Content starts

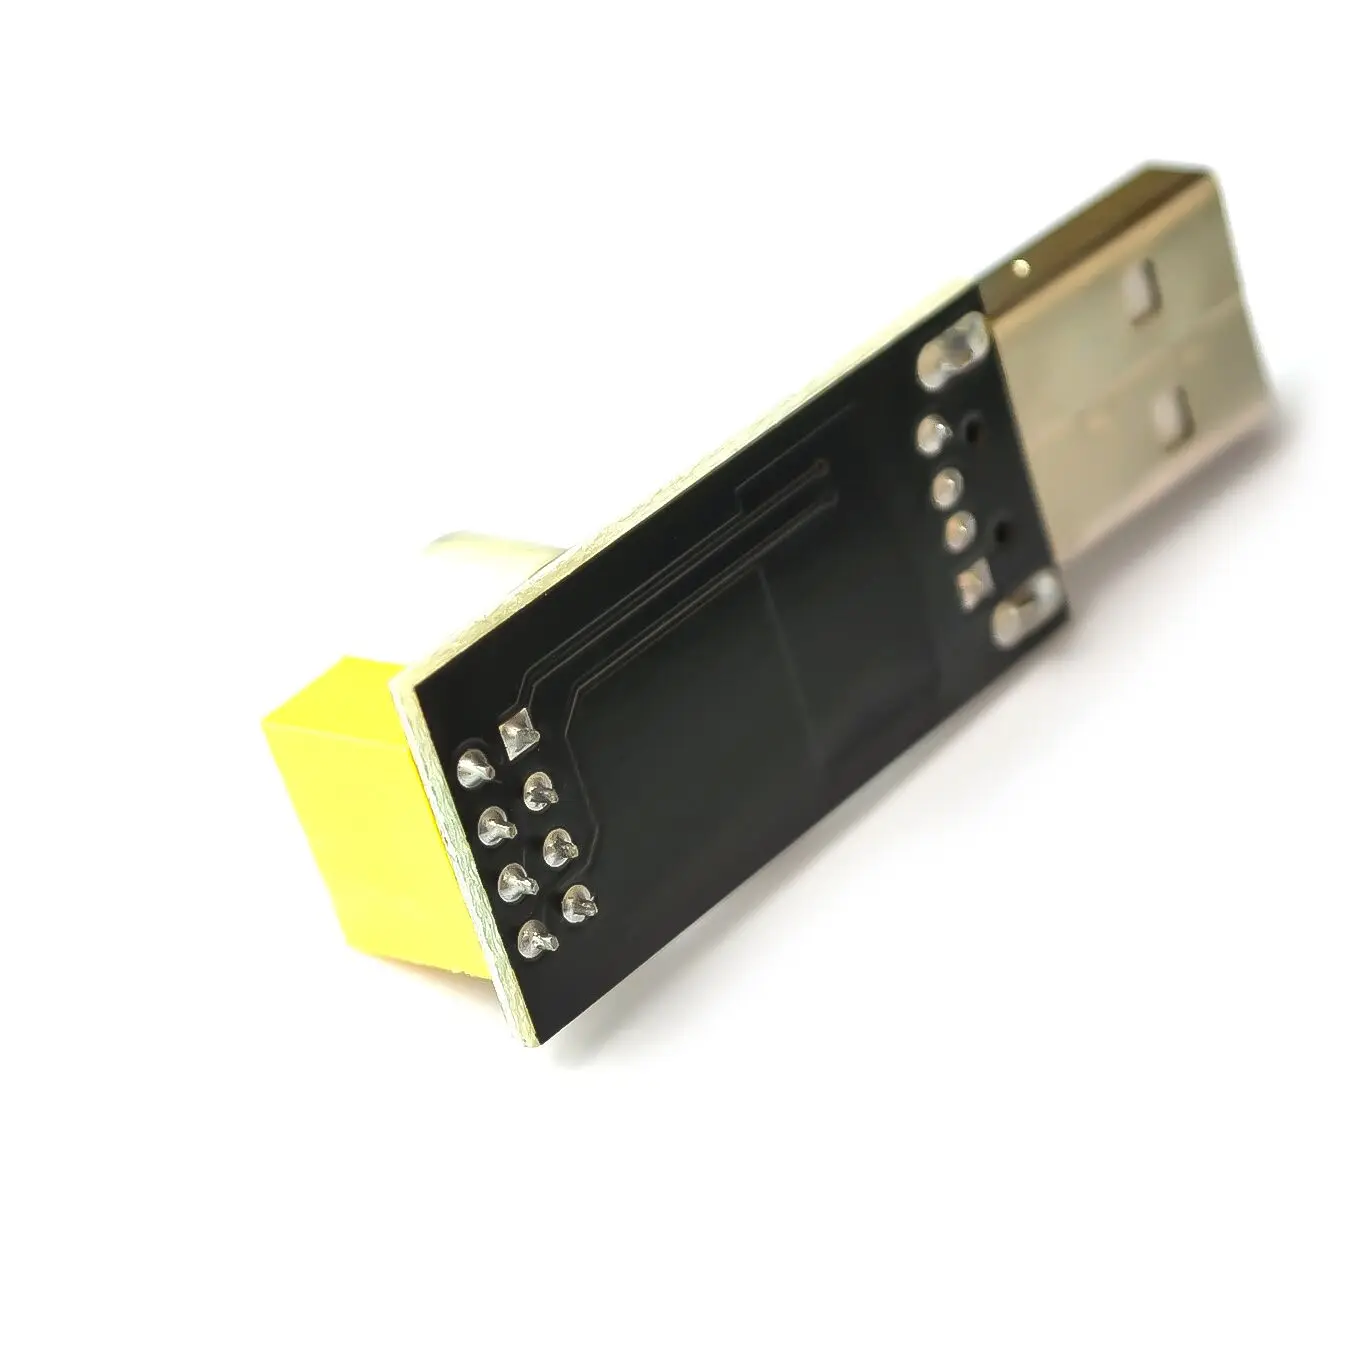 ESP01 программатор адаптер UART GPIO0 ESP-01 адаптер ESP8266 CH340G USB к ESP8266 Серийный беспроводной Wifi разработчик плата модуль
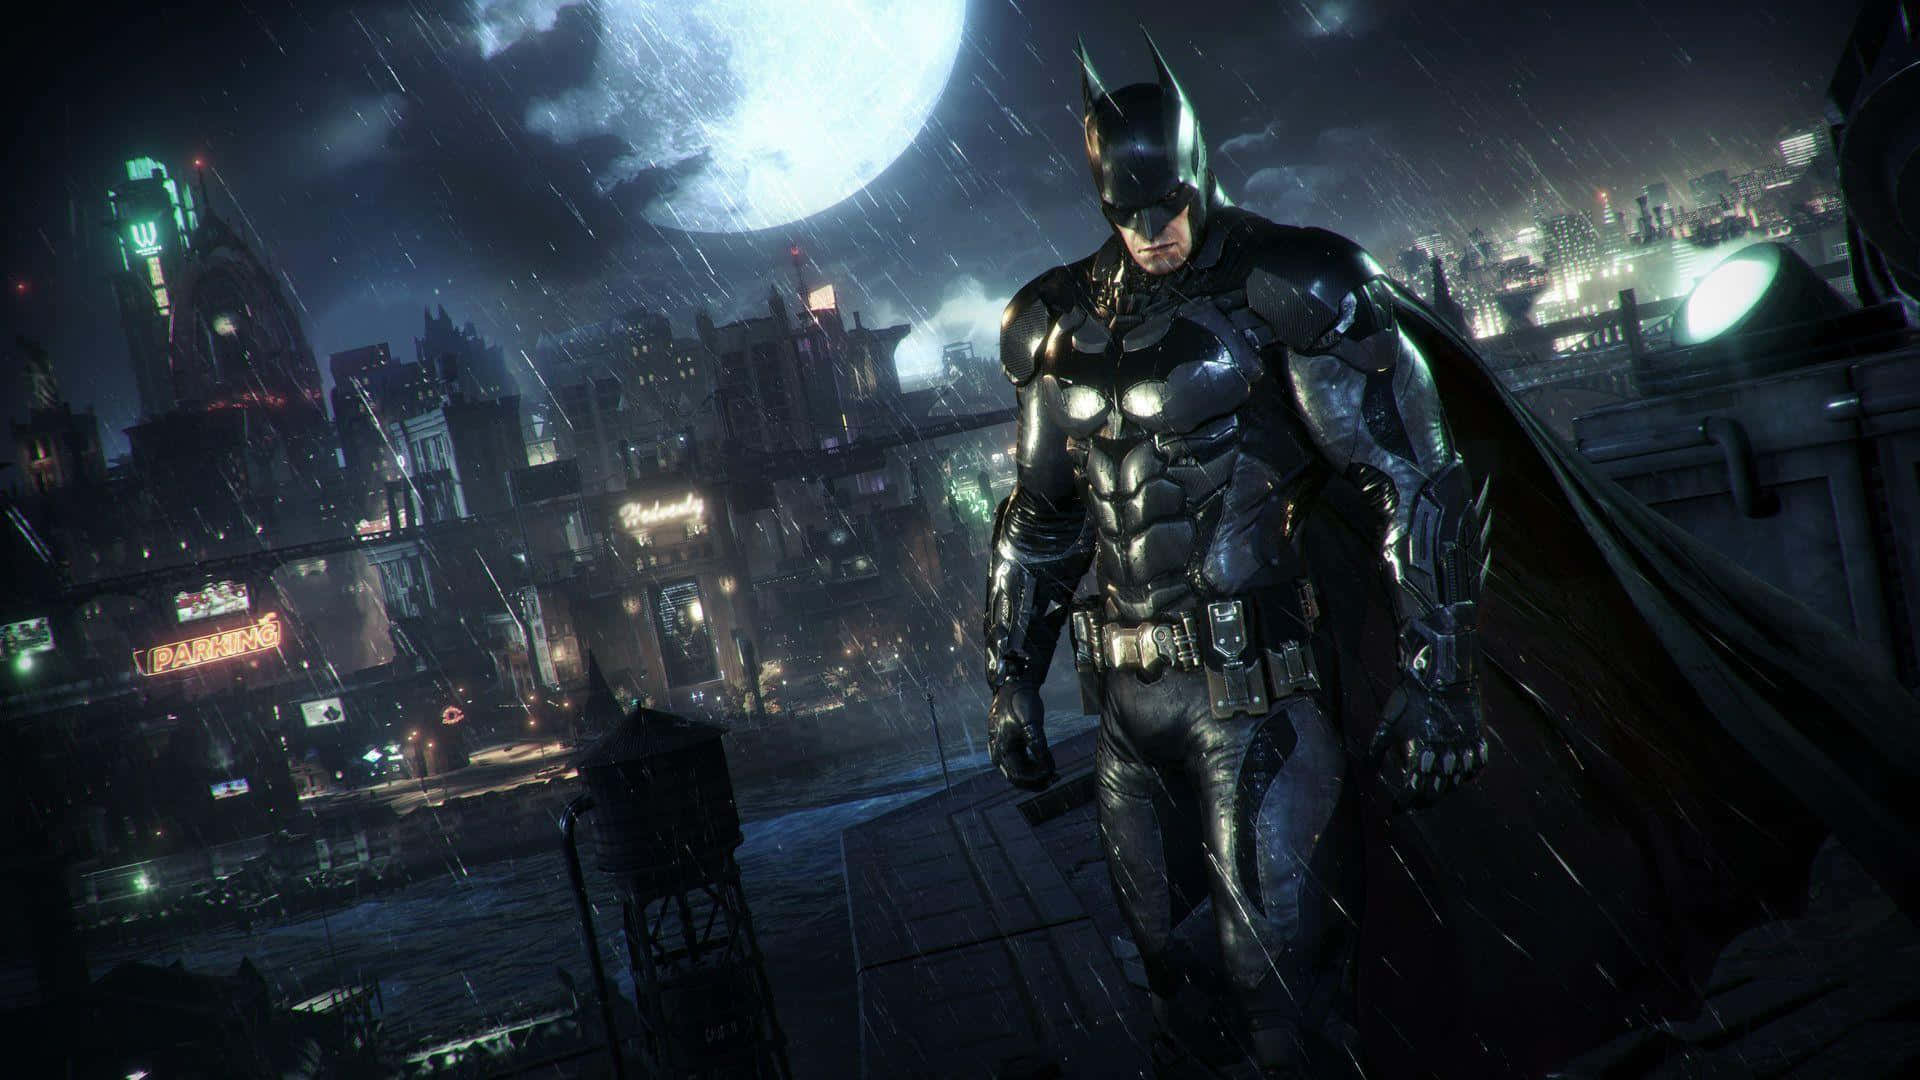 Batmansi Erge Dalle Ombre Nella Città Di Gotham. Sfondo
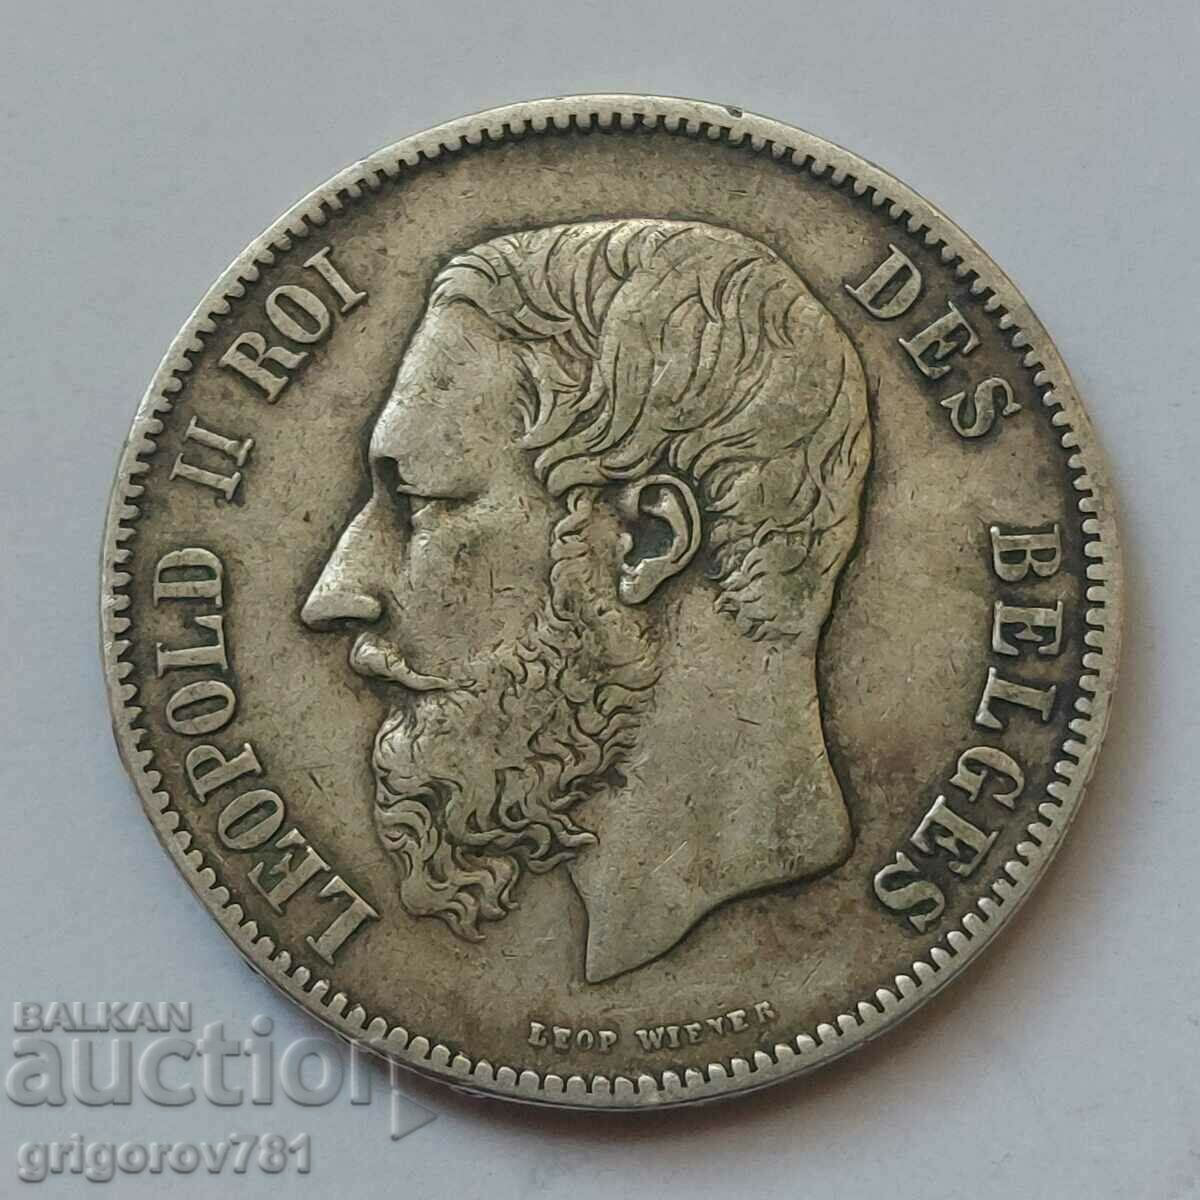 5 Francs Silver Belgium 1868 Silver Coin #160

Content ends

▶ Instructions for the task: Repeat the listing exactly, minus its pictures.

▶ Output of the exercise:
 ESP01 программатор адаптер UART GPIO0 ESP-01 адаптер ESP8266 CH340G USB к ESP8266 Серийный беспроводной Wifi разработчик плата модуль
 Batmansi Erge Dalle Ombre Nella Città Di Gotham. Sfondo
 5 Francs Silver Belgium 1868 Silver Coin #160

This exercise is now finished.